The firm’s Paris and London offices recently obtained an arbitral award confirming the validity and effectiveness of a notice excluding a party from a consortium responsible for an oil project off the coast of Brazil – without compensation – on the grounds that it was in default of its obligation to contribute to consortium’s costs and expenditure. The arbitral tribunal also rejected all of the excluded party’s claims for compensation against the firm’s client, even though the excluded party argued that it was incompatible with Brazilian law for it to be excluded from the consortium and to receive no compensation even though it had allegedly contributed USD 500 million towards the project.

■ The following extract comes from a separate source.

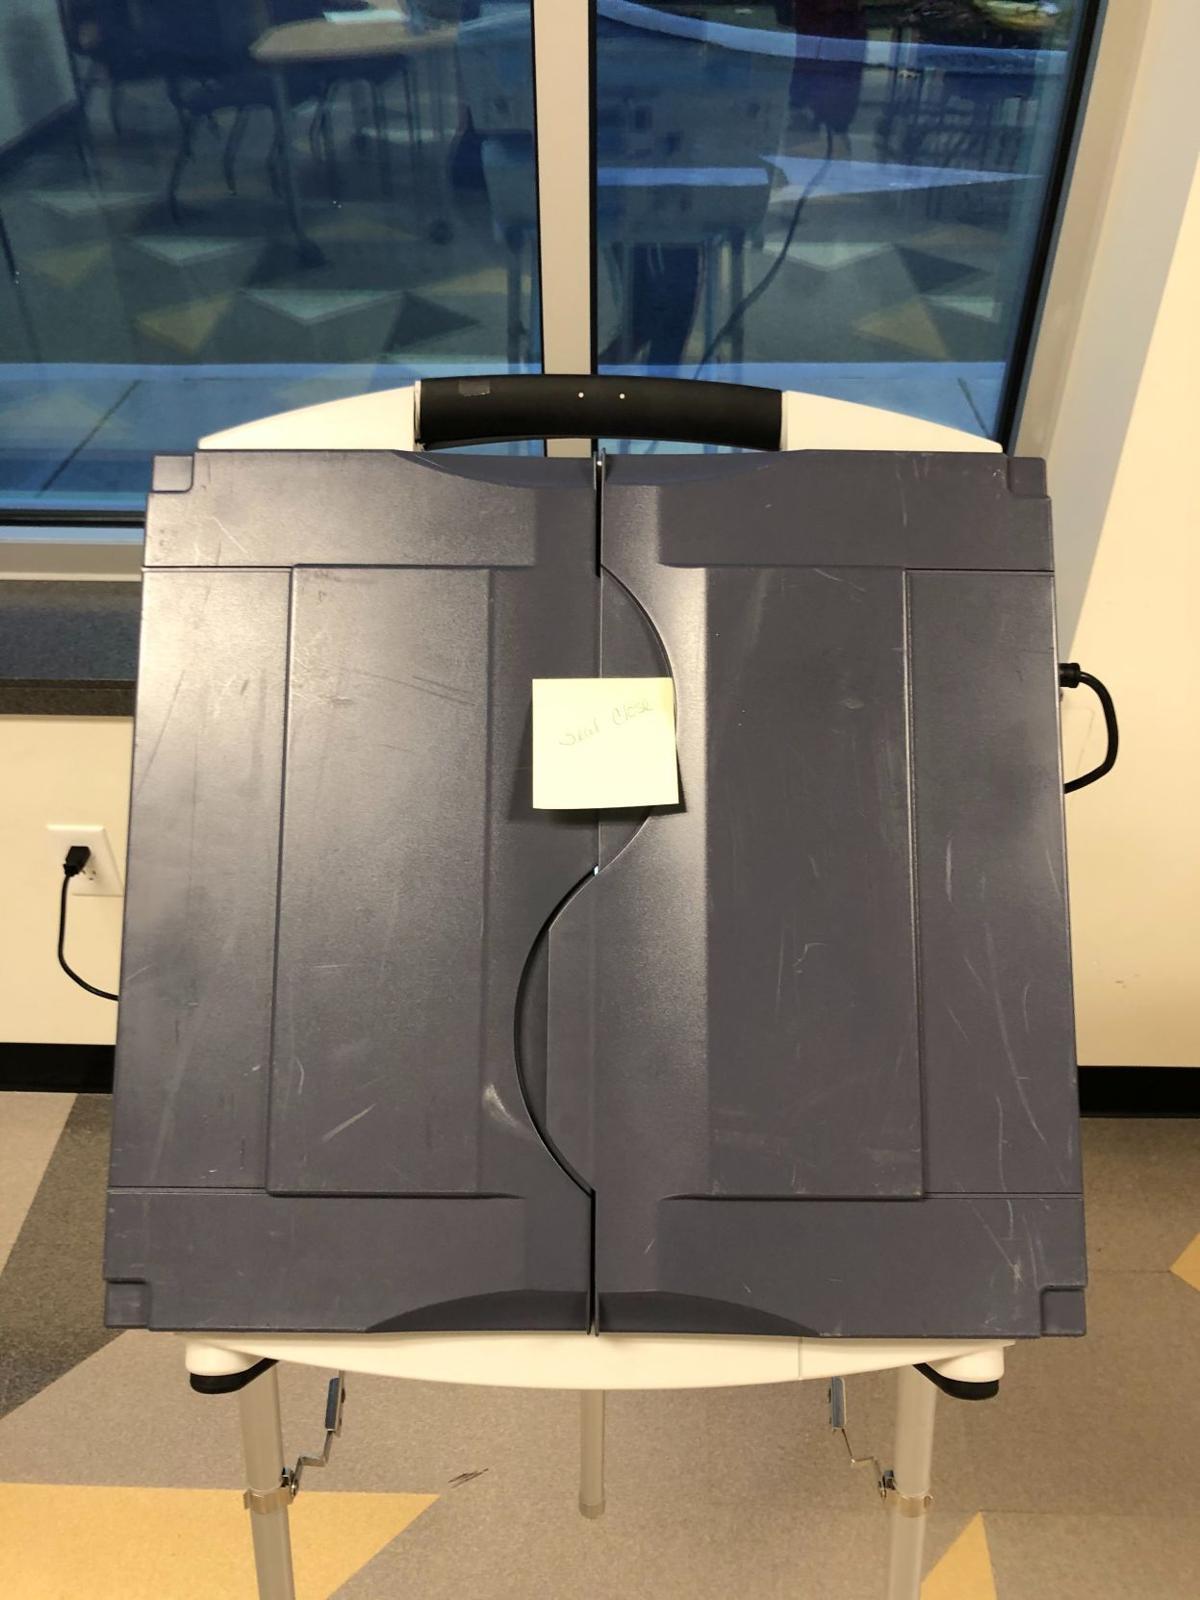 11/5/19 Happy Hollow, broken polling machine

The firm’s client (which was a respondent in the arbitration), the excluded party (which was the claimant) and another entity (which was a co-respondent with the firm’s client) were parties to a Joint Operating Agreement following a standard industry form issued by the Association of International Petroleum Negotiators (AIPN). As is usual practice, the agreement provided that: (i) the parties were to contribute to the costs and expenditure of the consortium in proportion to their interests in the project; (ii) a party which failed to do so was in default under the agreement; and (iii) if the default was not remedied within 60 days, a non-defaulting party could issue a notice excluding the defaulting party from the project and requiring the defaulting party to transfer its interest to the non-defaulting parties at no cost. Although such provisions are found in many Joint Operating Agreements around the world, they are rarely invoked due (in part) to the uncertainty as to whether the provisions are enforceable, particularly in civil law jurisdictions.

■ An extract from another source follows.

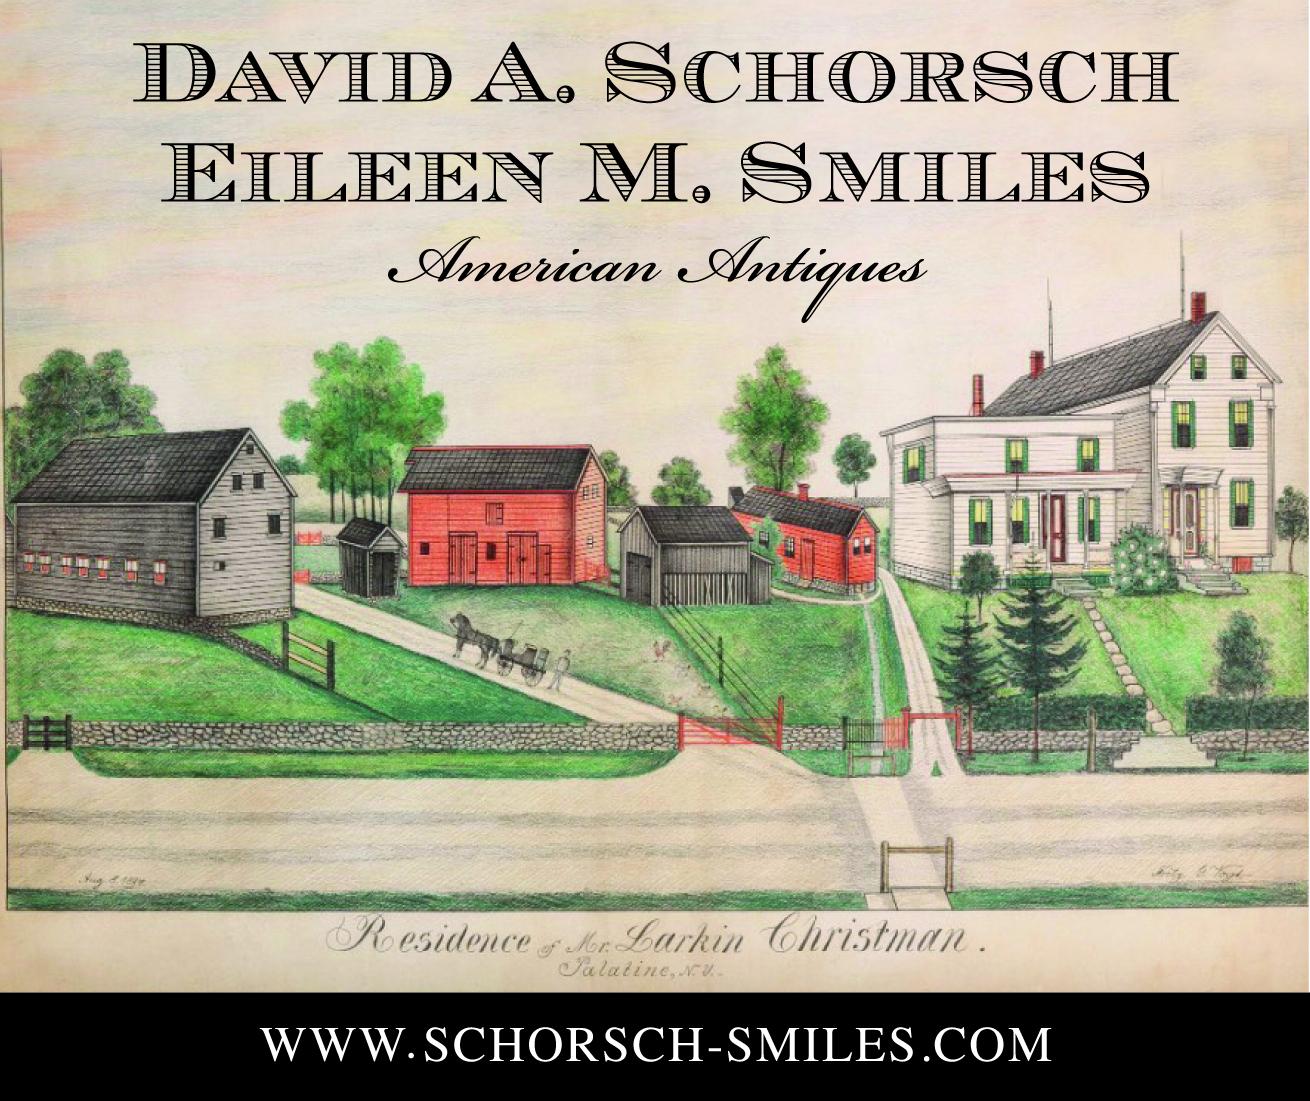 David Schorsch

In October 2017, the firm’s client issued a withdrawal notice excluding the claimant from the project on the basis that it was in default of payments totalling approximately USD 7 million (a relatively small amount when compared the sums generally invested in oil projects). The claimant then commenced an arbitration, alleging, among other things, that the withdrawal notice was improperly issued, and that the contractual provision pursuant to which it was issued was contrary to the Brazilian Constitution and various principles of Brazilian law and was therefore invalid. In the alternative, the claimant sought compensation for the “loss” of the investments which it had made in the project, which it said totalled USD 500 million.
In an earlier award issued in September 2018, the arbitral tribunal upheld the validity and effectiveness of the withdrawal notice issued by the firm’s client and rejected all of the claimant’s challenges to the validity of the contractual provisions pursuant to which it was issued. However, the arbitral tribunal reserved for a further hearing the question of whether, notwithstanding its validity, the withdrawal notice could subsequently be subject to nullification under Brazilian law (an outcome which is possible under many civil law jurisdictions, although generally not under common law jurisdictions).

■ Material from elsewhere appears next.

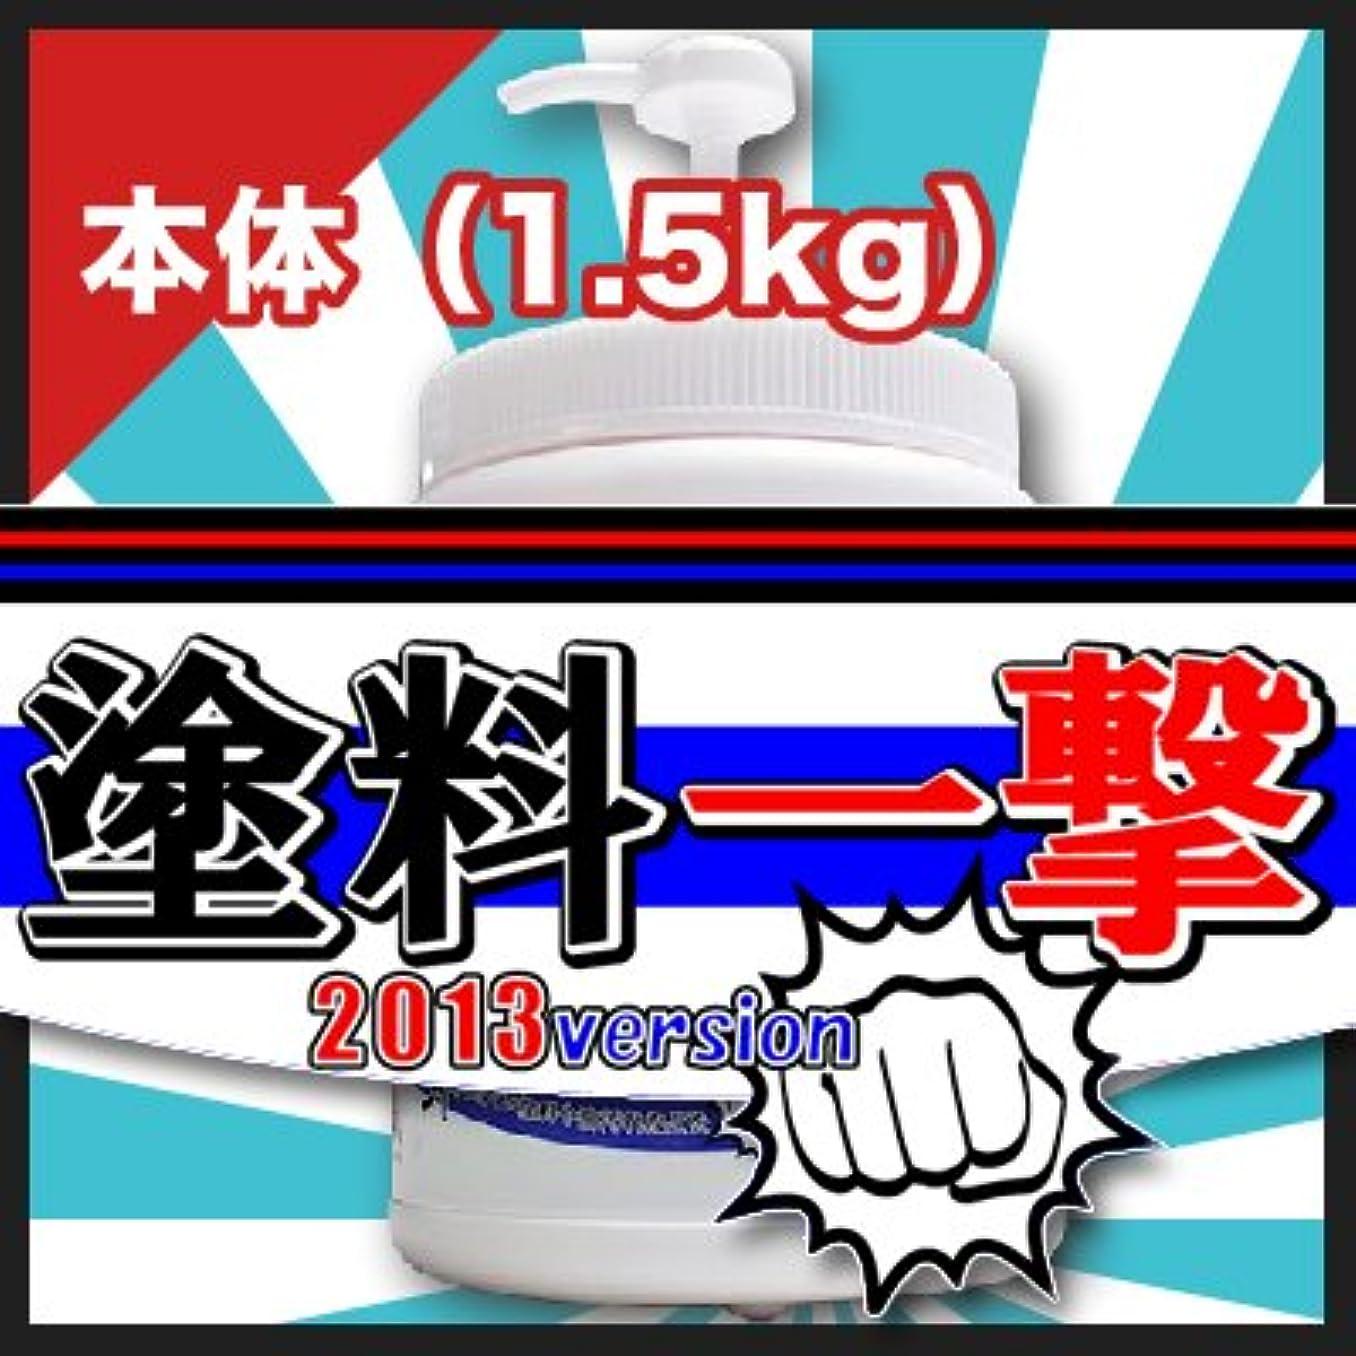 全能インセンティブ思われるD.Iプランニング 塗料一撃 2013 Version 本体 (1.5kg)

At the further hearing, the claimant argued that the firm’s client had issued the withdrawal notice in bad faith or that its conduct in doing so amounted to an abuse of right, and that the withdrawal notice therefore should be nullified under Brazilian law or, in the alternative, that the firm’s client (and the co-respondent) should be required to pay compensation for the alleged act of bad faith or abuse of right. In an award issued in July 2020, the arbitral tribunal rejected all of the claimant’s arguments – both on the ground that the claimant’s factual case had not been made out, and in light of the expert evidence of Brazilian law scholars engaged by the firm’s client and the co-respondent, who testified that the claimant’s claims in any event had no foundation under Brazilian law, as the relevant terms of the contract meant what they said, even if this might appear to produce an unusual outcome.
The awards in this arbitration are important for the oil industry, as they will help settle the long-standing debate as to the enforceability and effect of the forfeiture clauses found in many standard form consortium agreements. The awards will also be welcomed by the industry, for which dealing with defaulting partners has become an increasing problem.